Najlepszą rzeczą do zrobienia jest podziwianie otoczenia, a także rustykalnych pieców, które pomogą Ci jak najlepiej wykorzystać wizytę. Na szczycie znajduje się pamiątka i napój. Leuk monument ook!
Zeker de moeite om te doen, eerste gedeelte is het moeilijkst en ook de rustige stroken die soms zijn zorgen ervoor dat je hem goed kan oprijden. Op de top kreeg je een souvenir en drankje. Leuk monument ook!
Wspinaczka z Culoz była stroma i gorąca przez pierwsze 6 lub 7 km, po czym sytuacja się uspokoiła i dotarliśmy do cienia - potem pojawiły się podjazdy 12 %. Dalej, aż do ostatniego kilometra, sytuacja się uspokaja. W drodze w dół warto zrobić mały objazd, aby podziwiać wspaniałe widoki z Le Belvedere du Fenestrez.
The climb from Culoz was steep and hot for the first 6 or 7 km before things eased and we reached some shade - then come the 12 % ramps. Pushing on, things ease until the final kilomètre. On the way down its worth taking a slight detour to the great views from Le Belvedere du Fenestrez.

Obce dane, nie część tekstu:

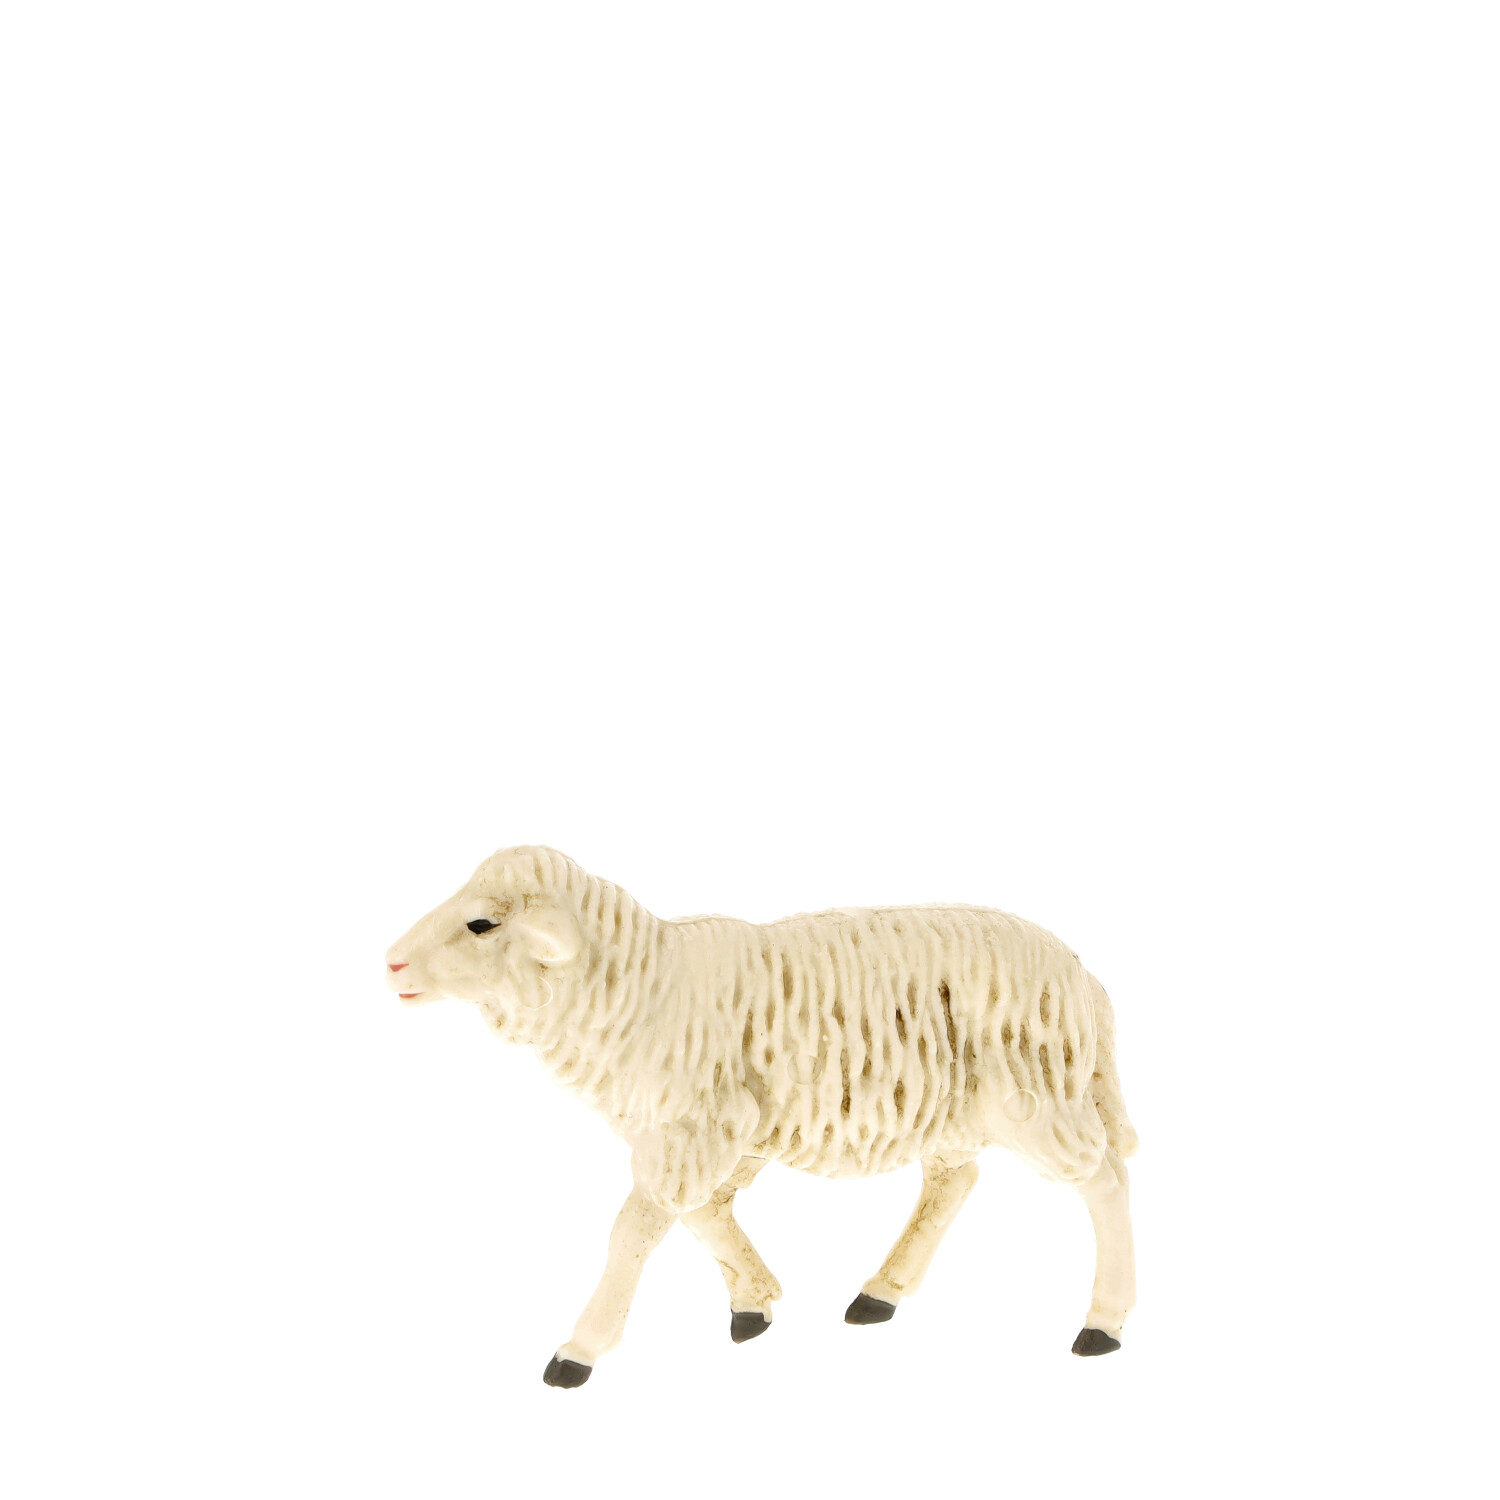 Sheep standing - Marolin Plastik - Resin Nativity figure - made in Germany

ciężka wspinaczka ze wspaniałymi widokami! najgorszy dla mnie był środkowy odcinek, który wynosił > 10% przez 3 km na prostej drodze! cicho i spokojnie. kawiarnia i mały sklep z pamiątkami były otwarte na szczycie.
a hard climb with great views! the worst bit for me was the middle section which was > 10% for 3km on a straight road ! quiet and peaceful. cafe and small souvenir shop were open at top.

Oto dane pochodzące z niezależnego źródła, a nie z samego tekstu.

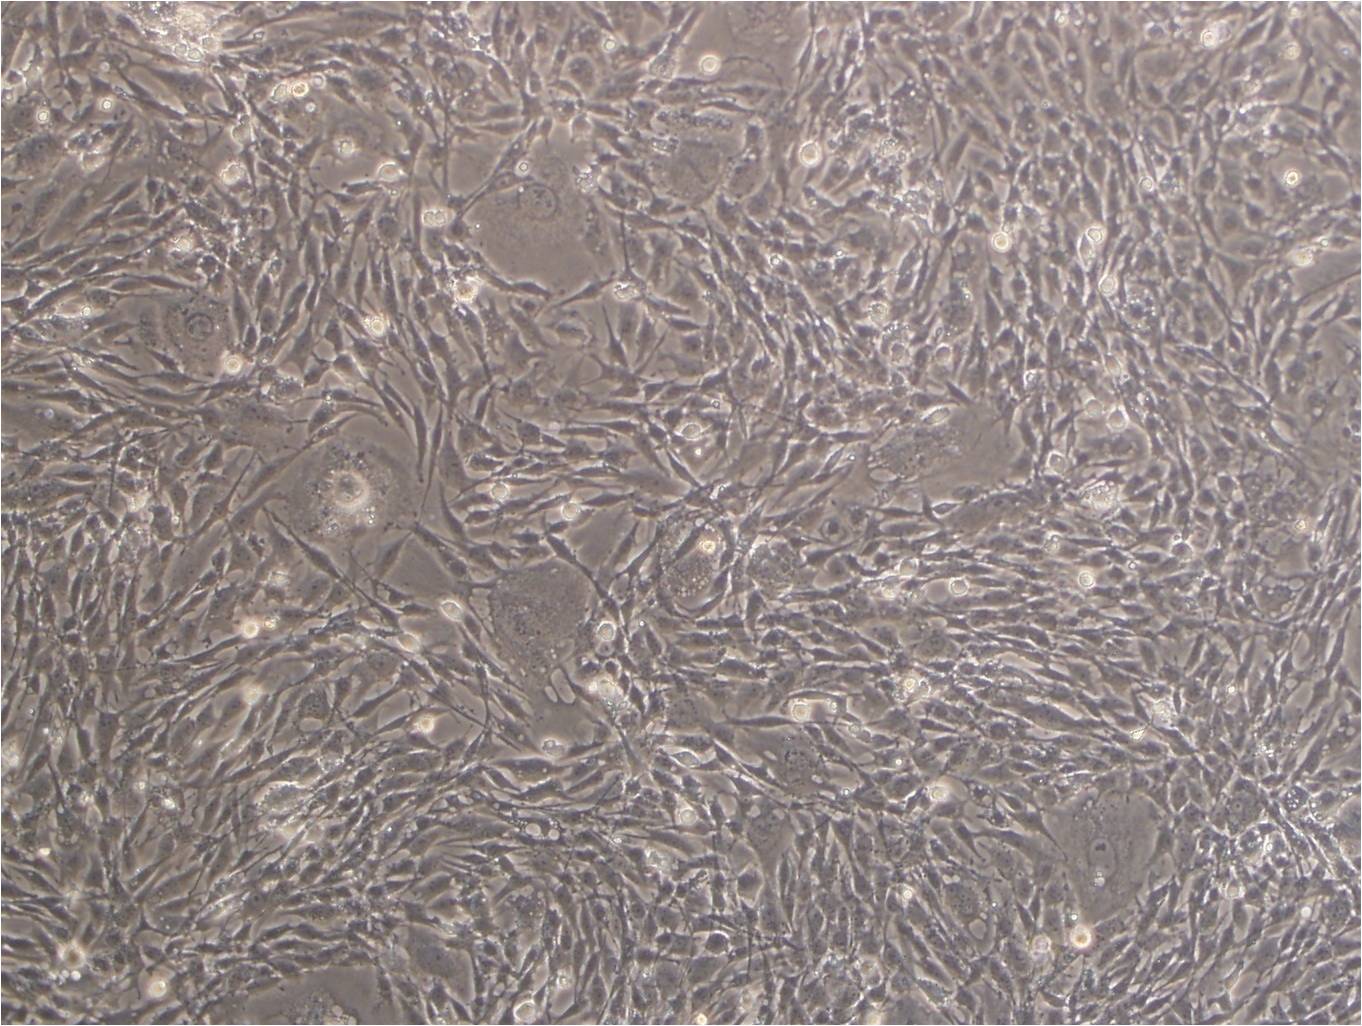 NCI-H520 Cell|人肺腺鳞癌细胞,NCI-H520 Cell

Kilka zdjęć z nawrotów (zrobionych w drodze w dół), we wrześniowym zachodzie słońca, nagroda po intensywnej wspinaczce.
Quelques photos des lacets (pris à la descente), au soleil couchant de septembre, récompense après une intense montée.

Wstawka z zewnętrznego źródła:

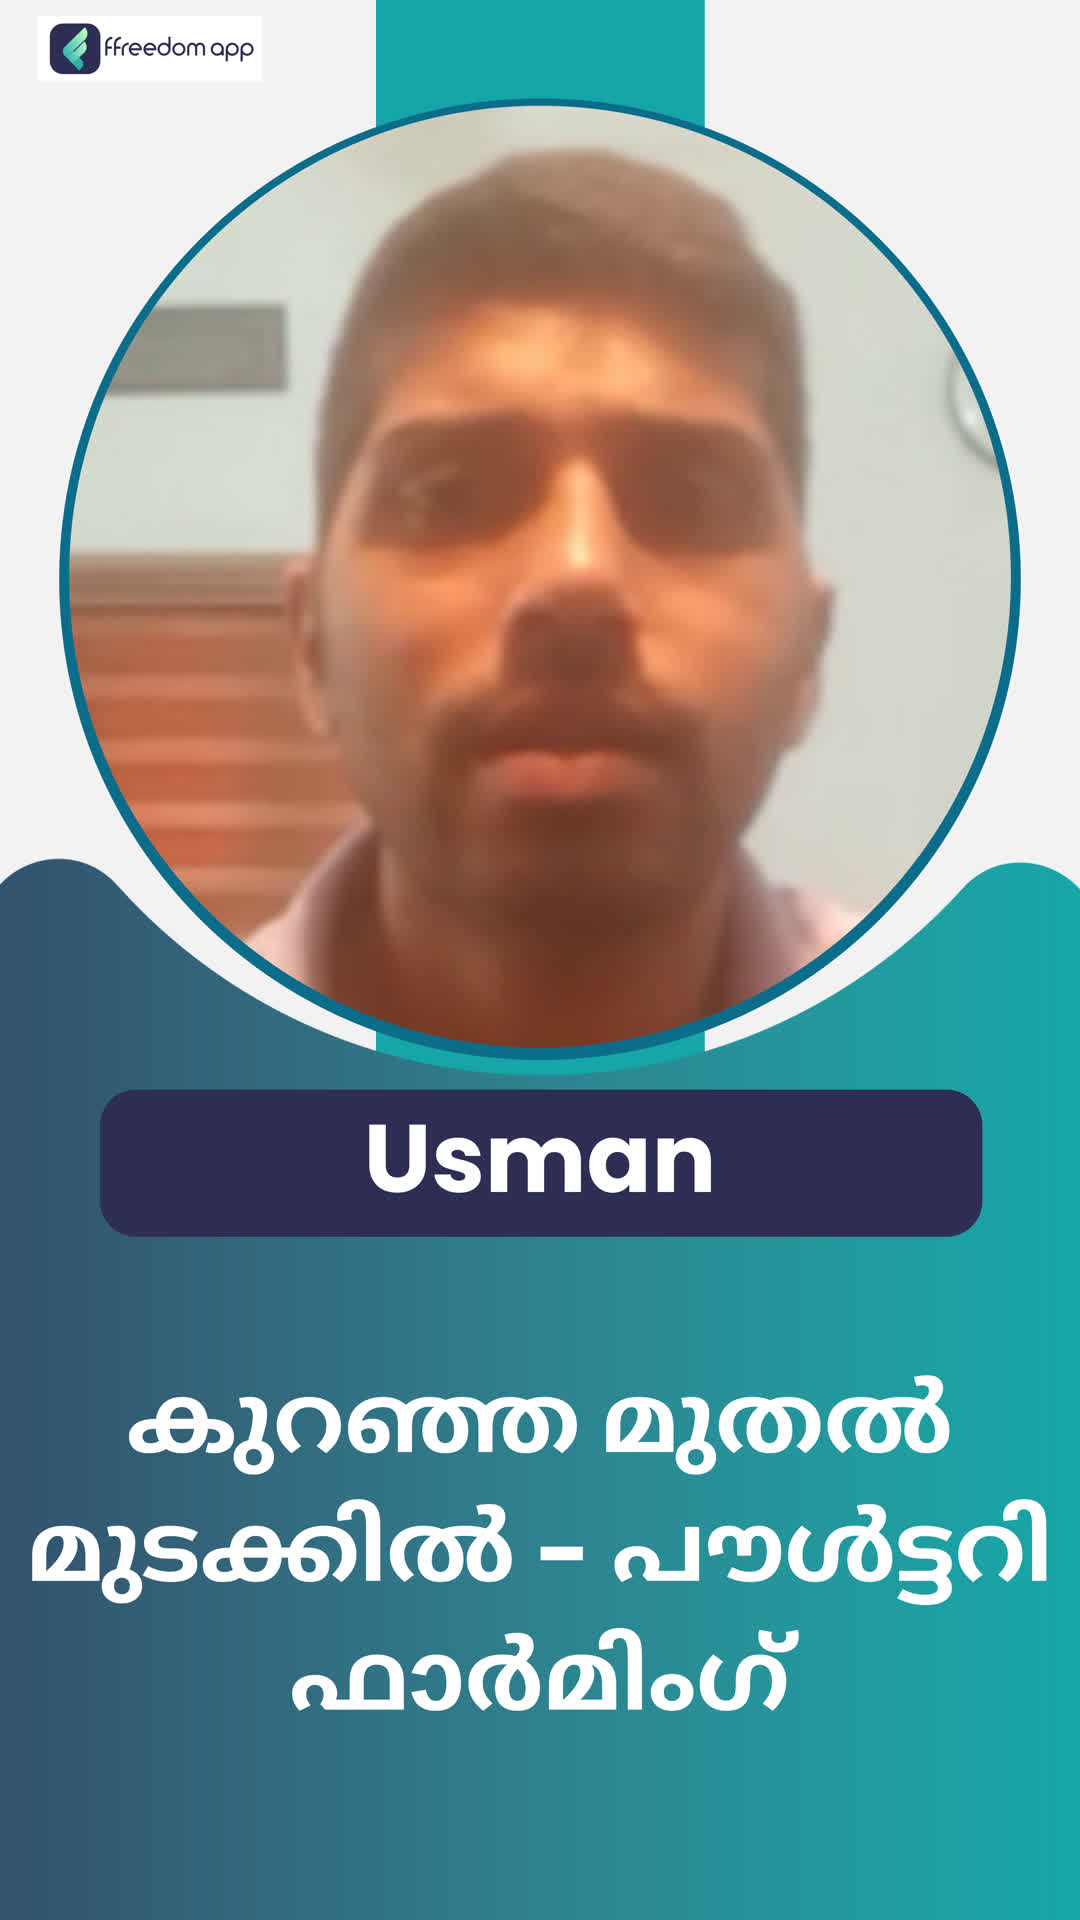 Usman's Honest Review of ffreedom app - Malappuram ,Kerala

Pokonanie Grand Colombier było jak kopniak w tyłek. Wyjeżdżając z Lyonu zaraz po pracy o 16:00, o 17:30 zaczynam wspinaczkę do Culoz. Pierwsze stoki w Culoz są już dość strome, więc trzeba znaleźć swój rytm, zwłaszcza po opuszczeniu miasta, gdzie jest już dość stromo. Przejeżdżając wzdłuż zbocza góry, w oddali widać małe zakręty, które są prawdziwą atrakcją wspinaczki. Tutaj jest naprawdę stromo, ale ponieważ jest magicznie, zabawnie i kręto, schodzi się całkiem dobrze (zrobimy zdjęcia w drodze powrotnej...). Następnie nachylenie nie zmniejsza się od razu, ale gdy jest to linia prosta, wysiłek jest trudniejszy. W końcu dochodzimy do tego ratującego życie płaskiego miejsca przed przekroczeniem Route d'Anglefort. Trzymaj się mocno, ponieważ po zakręcie czeka cię długa, bardzo stroma prosta bez chwili wytchnienia; widać tylko, że nachylenie nieco się zmniejsza, ale (ledwo) mniej strome sekcje nie pozwalają złapać oddechu. Wreszcie mały zakręt, który sygnalizuje koniec cierpienia. Potem jest znacznie łagodniej, gdy wracasz na północ (aby zobaczyć panoramę w drodze w dół), dość nierówne nachylenie, ale o wiele łatwiej.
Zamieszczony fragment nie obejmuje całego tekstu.